All one-class models learn per-prototype visibility thresholds \(\theta_k\) that define the boundary between target (normal) and non-target (outlier) samples.
OC-GLVQ — Baseline¶
One-Class Generalized Learning Vector Quantization. Replaces the standard GLVQ competing distance \(d^-\) with learned per-prototype visibility thresholds \(\theta_k\). Only the nearest prototype contributes to the loss.
import jax.numpy as jnp
from prosemble.datasets import load_iris_jax
from prosemble.models import OCGLVQ
# Load data — treat class 0 as target, rest as outliers
dataset = load_iris_jax()
X, y_raw = dataset.input_data, dataset.labels
y = jnp.where(y_raw == 0, 0, 1).astype(jnp.int32)
model = OCGLVQ(
n_prototypes=3,
target_label=0, # target (normal) class label
beta=10.0, # sigmoid steepness
max_iter=100,
lr=0.01,
random_seed=42,
)
model.fit(X, y)
# Hard labels
preds = model.predict(X)
# Decision scores in [0, 1] — higher = more target-like
scores = model.decision_function(X)
# Predict with reject option
preds = model.predict_with_reject(X, upper=0.7, lower=0.3)
# Returns: 0 (target), 1 (outlier), -1 (uncertain/rejected)
# Learned thresholds
print(model.thetas_) # (n_prototypes,)
print(model.visibility_radii) # same as thetas_
OCGRLVQ — Feature Relevances¶
Adds per-feature relevance weights \(\lambda_j\) that reveal which features matter for target-vs-outlier separation.
from prosemble.models import OCGRLVQ
model = OCGRLVQ(
n_prototypes=3,
target_label=0,
max_iter=100,
lr=0.01,
)
model.fit(X, y)
# Inspect learned relevances
print(model.relevances_) # shape: (n_features,), sums to 1
OCGMLVQ — Matrix Metric Learning¶
Learns a global linear transformation \(\Omega\) such that distance is \(d(x, w) = \|\Omega(x - w)\|^2\).
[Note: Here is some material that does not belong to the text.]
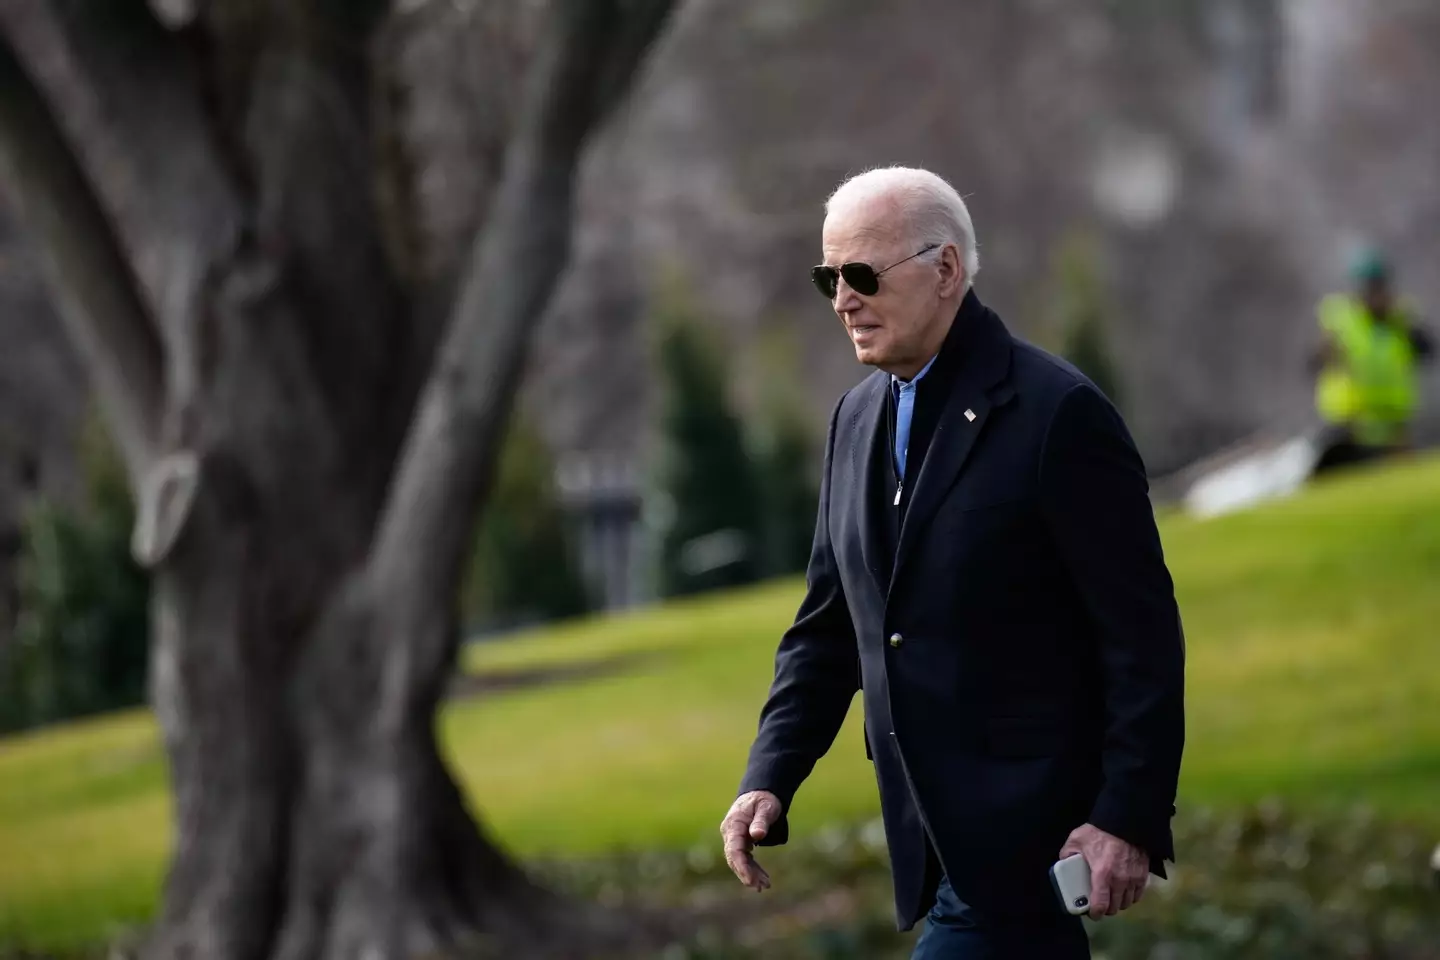 Joe Biden was not at The White House at the time.

Captures feature correlations.
from prosemble.models import OCGMLVQ
model = OCGMLVQ(
n_prototypes=3,
latent_dim=2, # project to 2D
target_label=0,
max_iter=100,
lr=0.001,
)
model.fit(X, y)
print(model.omega_matrix.shape) # (n_features, latent_dim)
print(model.lambda_matrix.shape) # Omega^T @ Omega
OCLGMLVQ — Local Metrics¶
Each prototype gets its own \(\Omega_k\) matrix, allowing different regions of the feature space to use different metrics.
from prosemble.models import OCLGMLVQ
model = OCLGMLVQ(
n_prototypes=3,
latent_dim=2,
target_label=0,
max_iter=100,
lr=0.001,
)
model.fit(X, y)
print(model.omegas_.shape) # (n_prototypes, n_features, latent_dim)
OCGTLVQ — Tangent Distance¶
Learns per-prototype invariance subspaces. The tangent distance measures distance only in directions orthogonal to the invariance subspace: \(d(x, w_k) = \|(I - \Omega_k \Omega_k^T)(x - w_k)\|^2\).
from prosemble.models import OCGTLVQ
model = OCGTLVQ(
n_prototypes=3,
subspace_dim=2, # tangent subspace dimension
target_label=0,
max_iter=100,
lr=0.001,
)
model.fit(X, y)
OC-GLVQ with Neural Gas¶
Neural Gas variants replace hard nearest-prototype selection with rank-based neighborhood cooperation. All prototypes contribute, weighted by \(h_k = \exp(-\text{rank}_k / \gamma)\). Gamma decays from broad to sharp during training.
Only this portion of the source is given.